Additional information: For everyone copying the code, I had to disable incremental linking, build as release and add a module definition file to ensure that Test is exported as Test and not as _Test@SoMeJuNk. Just prepending __declspec(dllexport) didn't work for some reason. The module definition file looks like this

EXPORTS
    Test@0

The ThreadData structure looks like this

typedef struct tagThreadData {
    typedef BOOL (__stdcall *_FreeLibrary) (HMODULE);
    typedef FARPROC (__stdcall *_GetProcAddress) (HMODULE, PSTR);
    typedef HMODULE (__stdcall *_LoadLibraryW) (LPWSTR);
    typedef DWORD (__stdcall *_MessageBoxW) (HWND, LPWSTR, LPWSTR, DWORD);

    _FreeLibrary FreeLibrary;
    _GetProcAddress GetProcAddress;
    _LoadLibraryW LoadLibraryW;
    _MessageBoxW MessageBoxW;

    WCHAR LibPath[100];
    WCHAR Message[30];
    CHAR ProcName[10];
    WCHAR Title[30];
} ThreadData, *PThreadData;
Cubi73
  • 1,891
  • 3
  • 31
  • 52
  • LoadLibrary doesnt resolve any references. At All. Because that would be very strange and silly and AFAIR that isnt even possible with unmanaged code - you will need to use one of the .NET languages if you want to "resolve" anything and even then it will get tricky since assemblynames can indeed be somewhat arbitrary and without additional checks you may end up with the wrong assembly version – specializt Nov 24 '15 at 08:26
  • @specializt Sorry, when I was not clear. With "resolving references" I mean loading all libraries referenced in the import section and setting the function addresses in the IAT. As far as I can tell, this is what happens, when an executable file is being loaded. Doesn't LoadLibrary do this? – Cubi73 Nov 24 '15 at 08:31
  • no, this isnt even remotely what happens. LoadLibrary has one job : lookup the filesystempath to a given library and load it properly. Thats about it. I dont know where you get your information but you should abandon your sources and stick to the official documentation : https://msdn.microsoft.com/en-us/library/windows/desktop/ms684175(v=vs.85).aspx. The MSDN is pretty thorough and almost always correct in every aspect. – specializt Nov 24 '15 at 08:35
  • @specializt So in theory, just in theory, if the injected DLL imports functions from another DLL, which has ASLR activated, how does a function call work without GetProcAddress within the injected DLL? – Cubi73 Nov 24 '15 at 09:46
  • thats simple : it doesnt -- UNLESS the injected DLL explicitly loads the other DLL manually _(if it isnt already loaded)_. Welcome to the world of C and C++ - you will need to get used to explicit operations, there are no automatisms. I really think .NET is more suited towards your needs - machine-level programming can be the most challenging task, languages like that are bad choices for beginners .... – specializt Nov 24 '15 at 11:07
  • @specializt Wow... I'm programming C++ for about a year now, but I never needed to create DLLs at all. It seems that this really is a new world for me... – Cubi73 Nov 24 '15 at 11:14
  • Yeah, DLLs are quite notorious for being difficult - if you want to avoid all of that you may as well stick with static libraries, these will always do their work, no matter the circumstance – specializt Nov 24 '15 at 11:17

1 Answers1

3

I came up with a temporary solution: Putting all remote code into an actual DLL. But putting the code into a DLL isn't my target, so if someone comes up with a clever solution, where the EXE file is the injector as well as the module being injected, I will mark the new answer as right.

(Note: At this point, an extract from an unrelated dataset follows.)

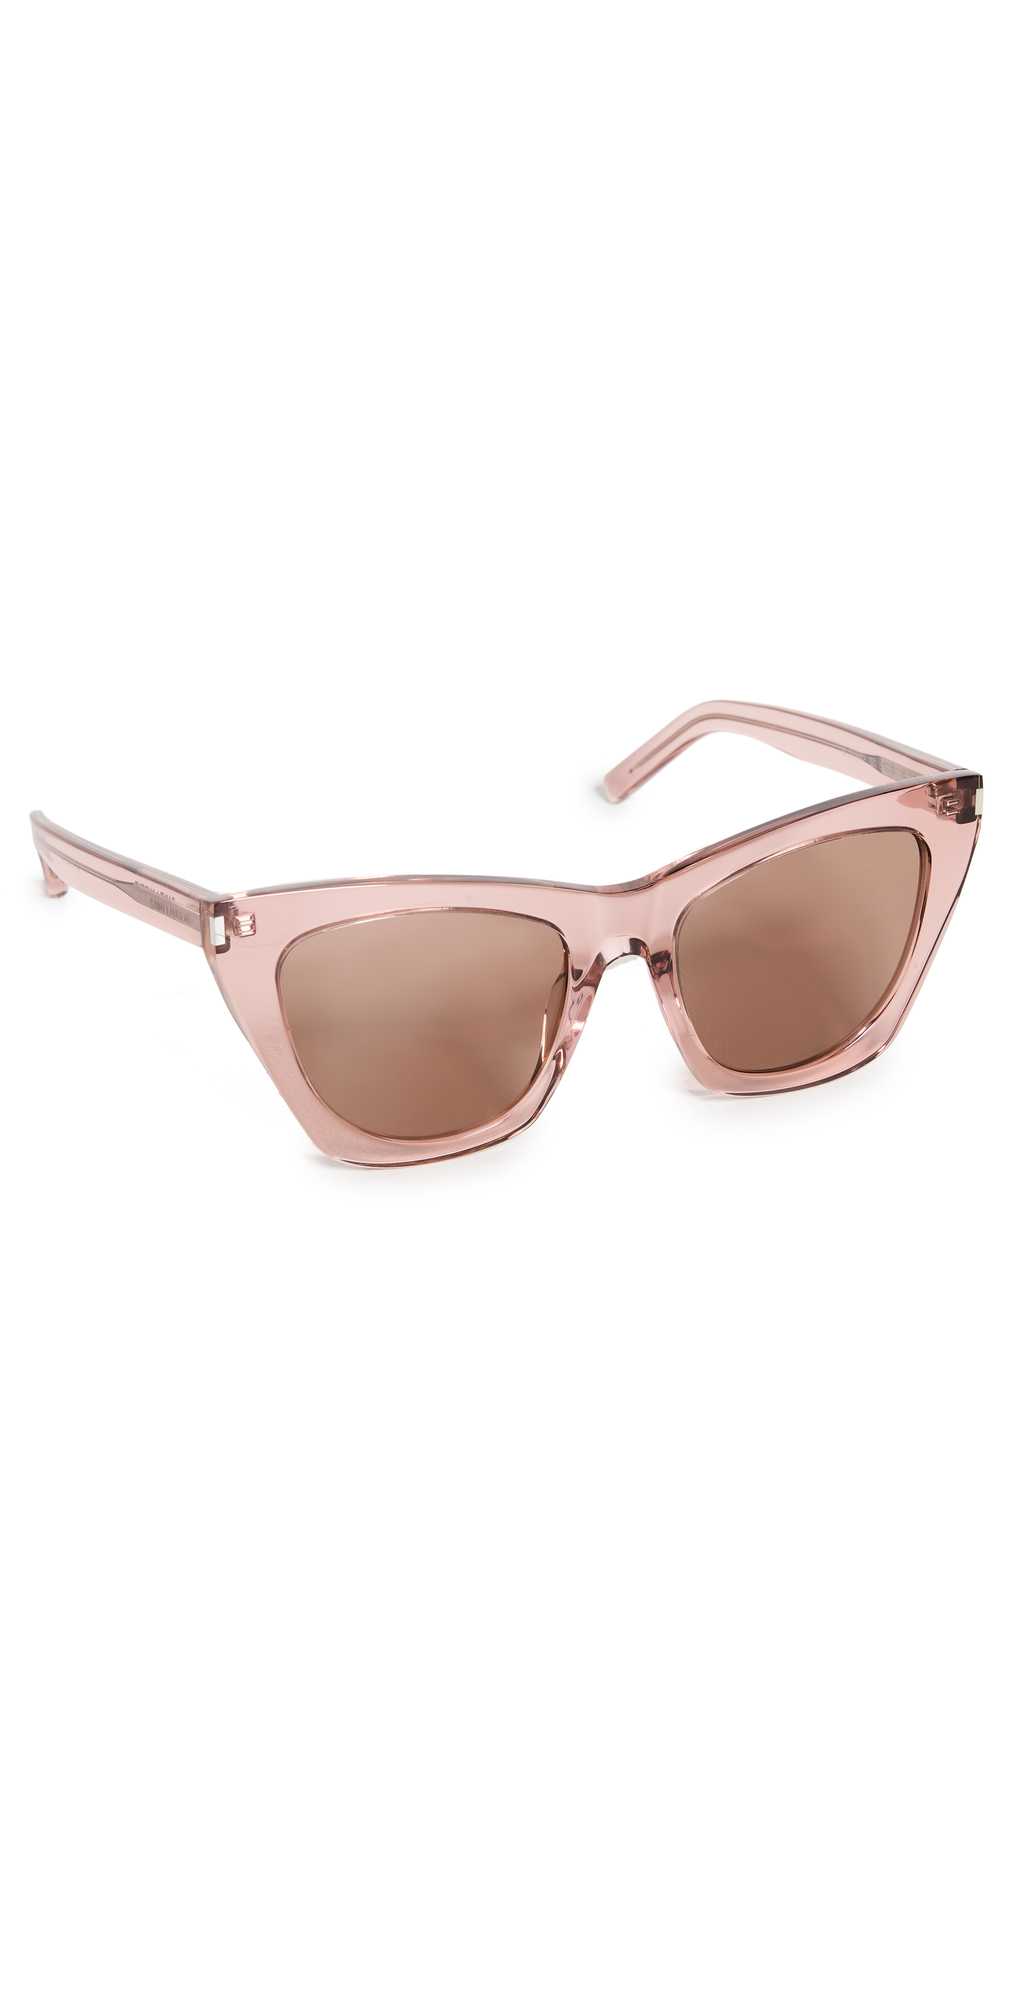 Saint Laurent Kate Sunglasses in brown / pink

Even though there are many tutorials on how to inject an actual DLL into another process's address space, I still give away my solution. I wrote my original solution only for UNICODE and 64-Bit, but I tried my best to make it work for both ASCII and UNICODE and 32-bit and 64-bit. But lets get started...

First of all, an explanation of the basic steps

  1. Obtain handle to the target process with at least the following access rights

    PROCESS_CREATE_THREAD
PROCESS_QUERY_INFORMATION
PROCESS_VM_OPERATION
PROCESS_VM_WRITE
PROCESS_VM_READ

  2. Allocate memory for the remote thread procedure and the data and function pointers needed for loading the target dll and its "entrypoint" (I don't mean the actual entrypoint DllMain, but a function designed to be called from within the remote thread)

    PVOID pThread = VirtualAllocEx(hProc, NULL, 4096, MEM_COMMIT | MEM_RESERVE, PAGE_EXECUTE_READWRITE);

  3. Copy remote thread procedure and important data over to the target process

    WriteProcessMemory(hProc, pThread, ThreadProc, ThreadProcLen, NULL);
WriteProcessMemory(hProc, pParam, &data, sizeof(ThreadData), NULL);

  4. Create remote thread. This thread will load the target dll into the target process's address space and calls its "entrypoint"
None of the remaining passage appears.